SZenario:Tattoos und Tradition

Residenz, Max - Joseph Saal, Lodenfrey 175 Jahre

Kirsten und Herbert Frey feiern im Max-Joseph-Saal der Residenz das 175-jährige Bestehen ihrer Firma Lodenfrey.

(Foto: Florian Peljak)

175 Jahre: Lodenfrey feiert im Max-Joseph-Saal der Residenz

Von Thomas Becker

Dass er mal im Max-Joseph-Saal der Residenz Jubiläum feiern würde, hätte sich Herbert Frey nicht träumen lassen, als er 1950 in die Firma einstieg. "So groß haben wir früher nicht gefeiert", erzählt der 88-Jährige und zeigt auf den Trubel vor ihm: 200 Gäste aus Politik, Wirtschaft, Adel sowie Partner und Freunde des Hauses sind zur 175-Jahr-Feier von Lodenfrey gekommen. Willy Bogner und Detlev von Wangenheim tauschen sich über Lieblingstennisplätze aus, Haus-Stylist Dan Popa gewinnt mit güldenem Schuhwerk zum roten Samt-Jacket die Tageswertung "Auffälligstes Outfit" vor Regine Sixt, die selbst auf sehr silbernen Pumps steht. Branchengrößen wie Paul Falke, Jacopo Etro und Gerhard Wöhrl sind ebenso da wie Hotelchefin Innegrit Volkhardt, die sehr froh über den Nachbarn am Promenadeplatz ist: "Wir haben viele Gäste, die nur fünf Minuten Zeit haben, um eine Tracht zu kaufen - das hat bislang jedes Mal geklappt: über die Straße und hoch in den dritten Stock!" Auch die Designer Johnny Talbot und Adrian Runhof schütteln Herbert Frey die Hand. Er muss seine Gäste im Sitzen begrüßen, eine Hüft-OP zwingt ihn dazu.

Gefeiert habe man früher auch, aber meist in den Läden, erzählt Frey: "Zum 150. Geburtstag haben wir in der Fabrik ein kleines Oktoberfest aufgebaut. Gäste aus Amerika wollten das unbedingt mal sehen."
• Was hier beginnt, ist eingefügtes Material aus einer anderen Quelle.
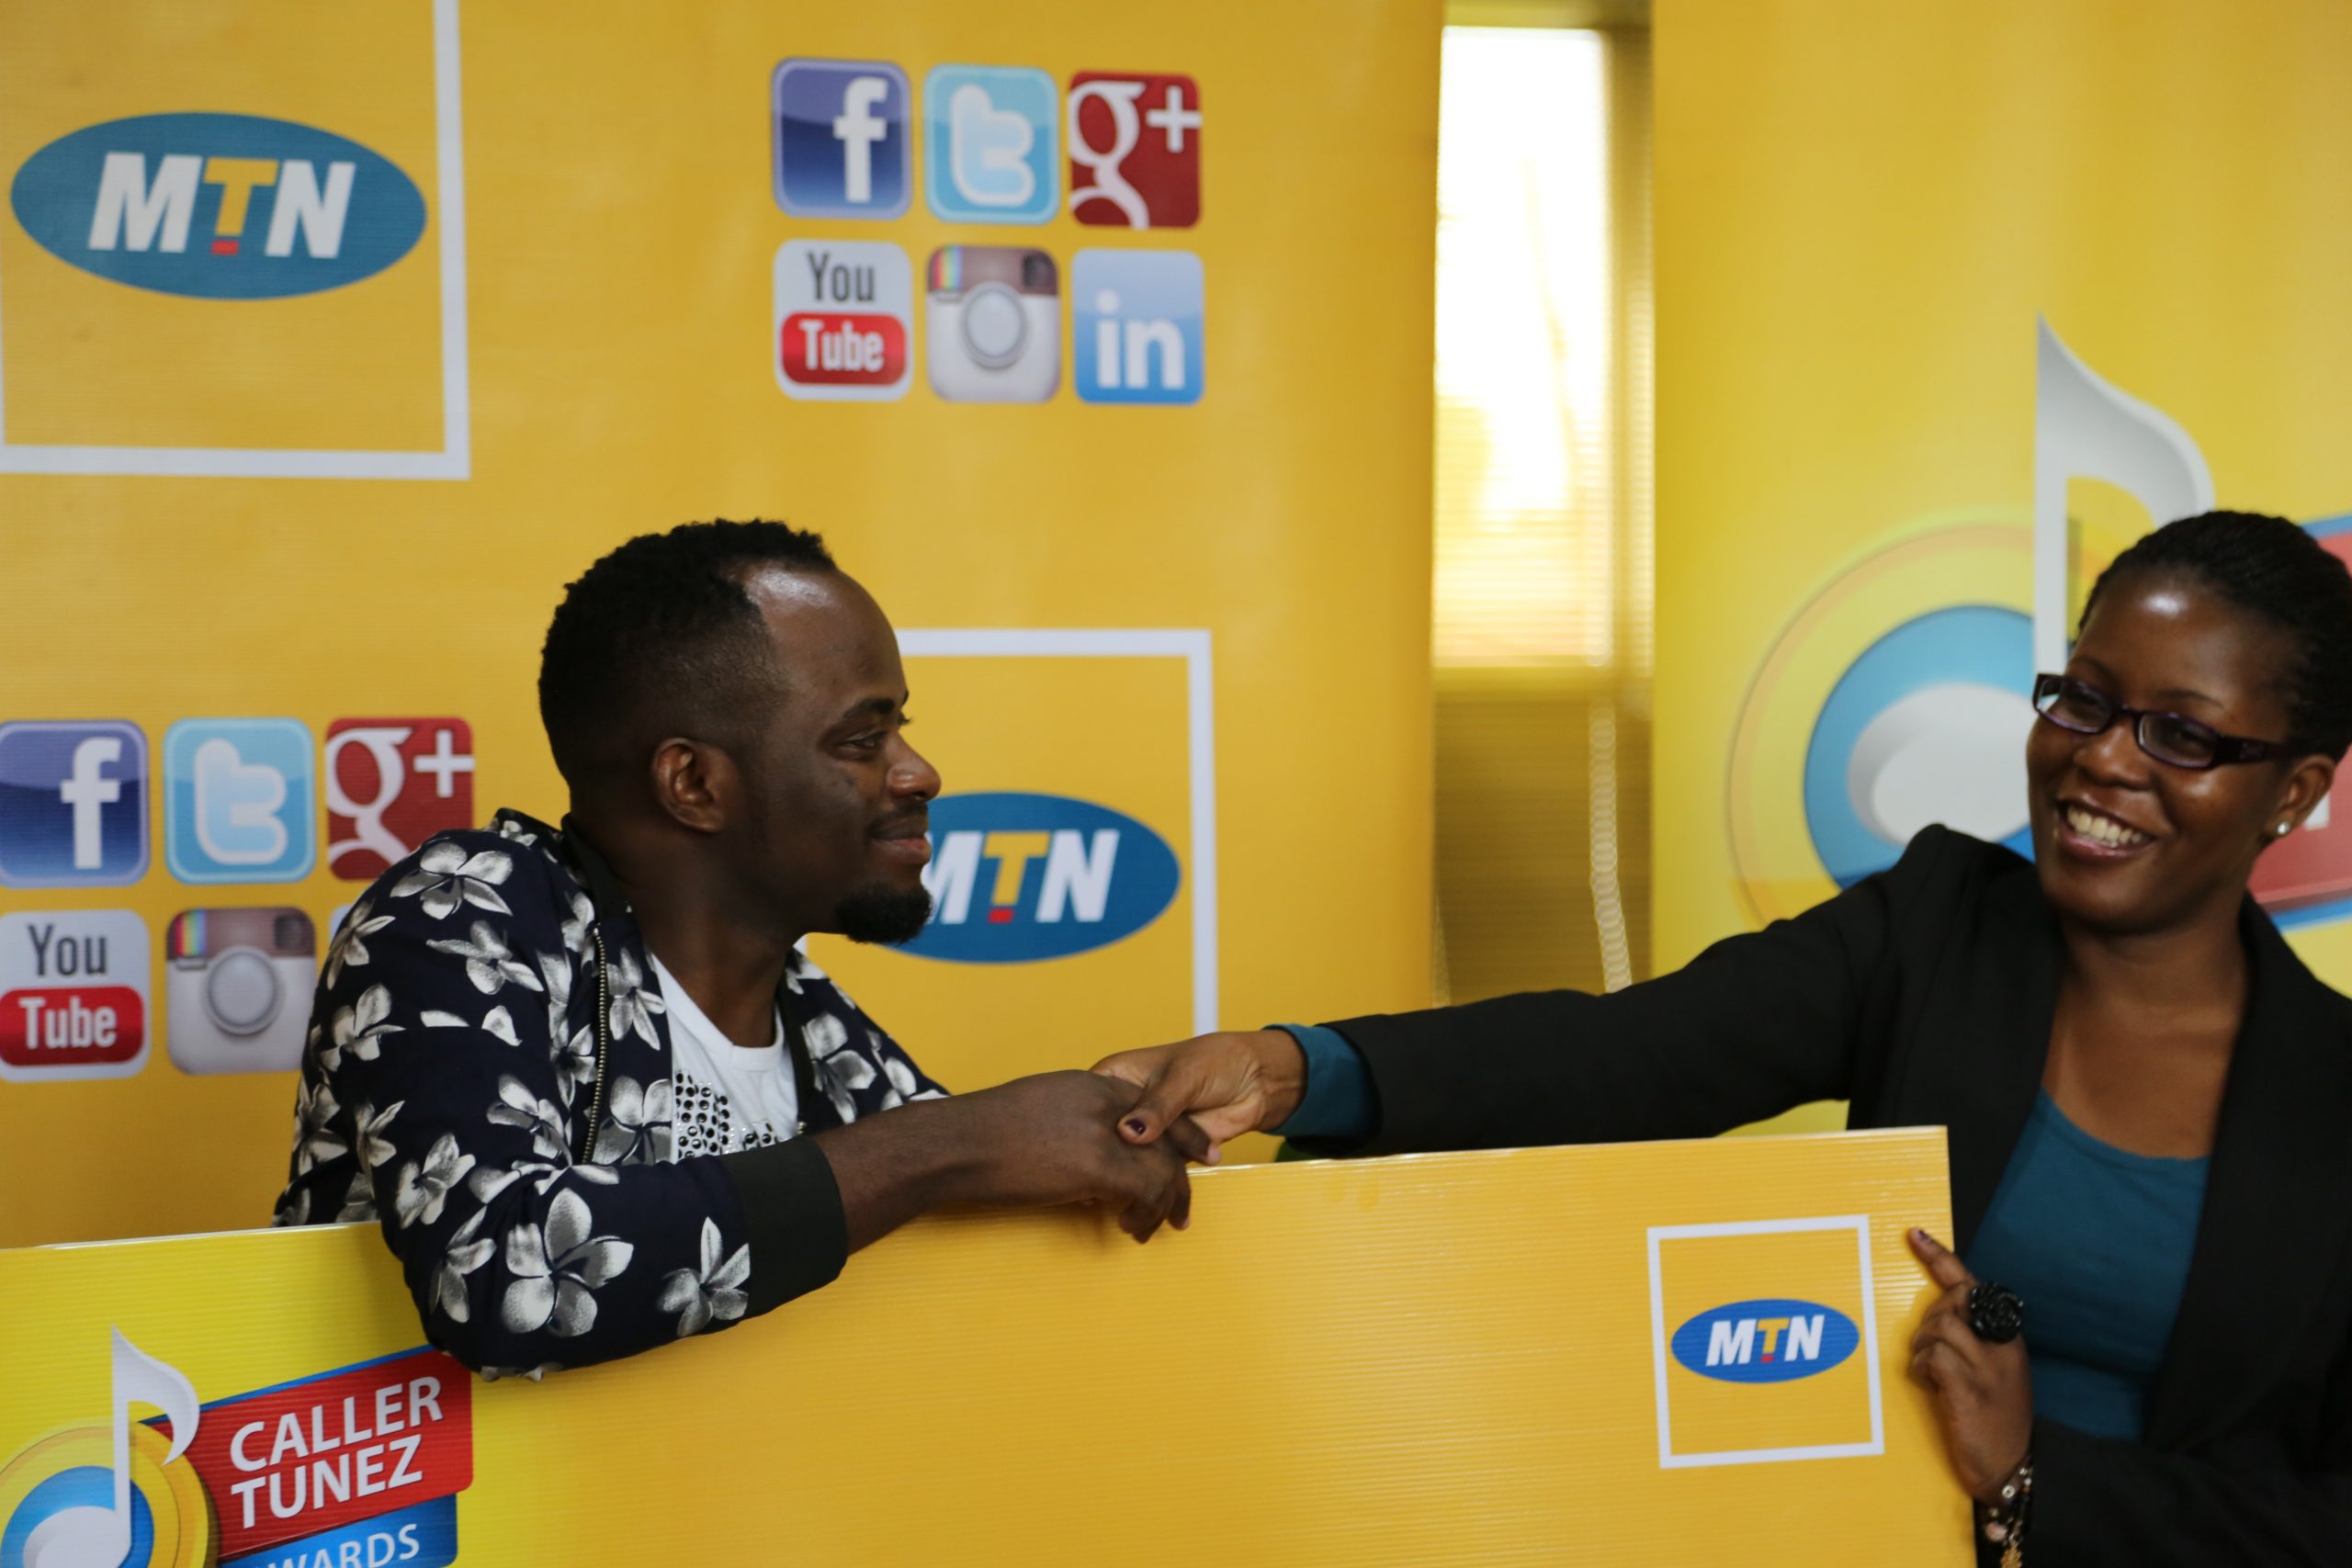 MTN’s Retention and social media manager Susan Kayemba hands a Dummy Cheque to David Lutalo at the MTN CRBT Awards prize handover held at MTN Nyonyi gardens. David Lutalo won again 2.5M in the MTN CRBT Awards as the artist ofOctober where his Song “Manya” was the most downloaded song again on the MTN Caller tune portal with 10,964 downloads.

1842 beginnt Johann Georg Frey damit, einfache, glatte Wollstoffe zu fertigen. Der wasserabweisende Loden bringt ihm auf der Pariser Weltausstellung 1855 die Goldmedaille, wenig später trägt der Adel samt Kaiser Franz Joseph den Loden zur Jagd und macht ihn damit hoffähig. Doch wie das so ist mit Traditionsunternehmen: Man darf nicht im Gestern stecken bleiben. Aber wer sieht, wie brusthoch tätowierte Barkeeper aus dem "Holy Taste" ihre Cocktails unters feingewandete Volk bringen, der muss sich um die Neuausrichtung der Marke nicht sorgen. Ein Verdienst, das Ralph-Michael Nagel, ein Ur-Ur-Enkel des Gründers, dem geschäftsführenden Gesellschafter Markus Höhn zuschreibt. Der erzählt vom Sommerfest mit den 450 Angestellten, entschuldigt Bürgermeister Josef Schmid ("grippaler Infekt inklusive totalem Stimmverlust") und berichtet Joachim Herrmann, dass man bei den Ladenöffnungszeiten noch Spielraum sehe. So konkret will Bayerns Innenminister lieber nicht werden, hält dafür aber eine donnernde Laudatio, die in dem Satz gipfelt: "Bei Ihnen ist unser weißblaues Lebensgefühl greifbar!"

Charmanter kommt da schon Ermenegildo Zegna daher. Der langjährige Partner der Lodenmänner bekreuzigt sich vor seiner Rede - weil er auf deutsch sprechen will. Als Kind hatten ihn die Eltern im Sommer immer nach Dießen am Ammersee geschickt. Logisch, dass die erste deutsche Zegna-Niederlassung in München öffnete. Man habe dieselben Gene, teile dieselben Werte, meinte Zegna: "Wir ziehen Genugtuung aus der Zufriedenheit der Kunden."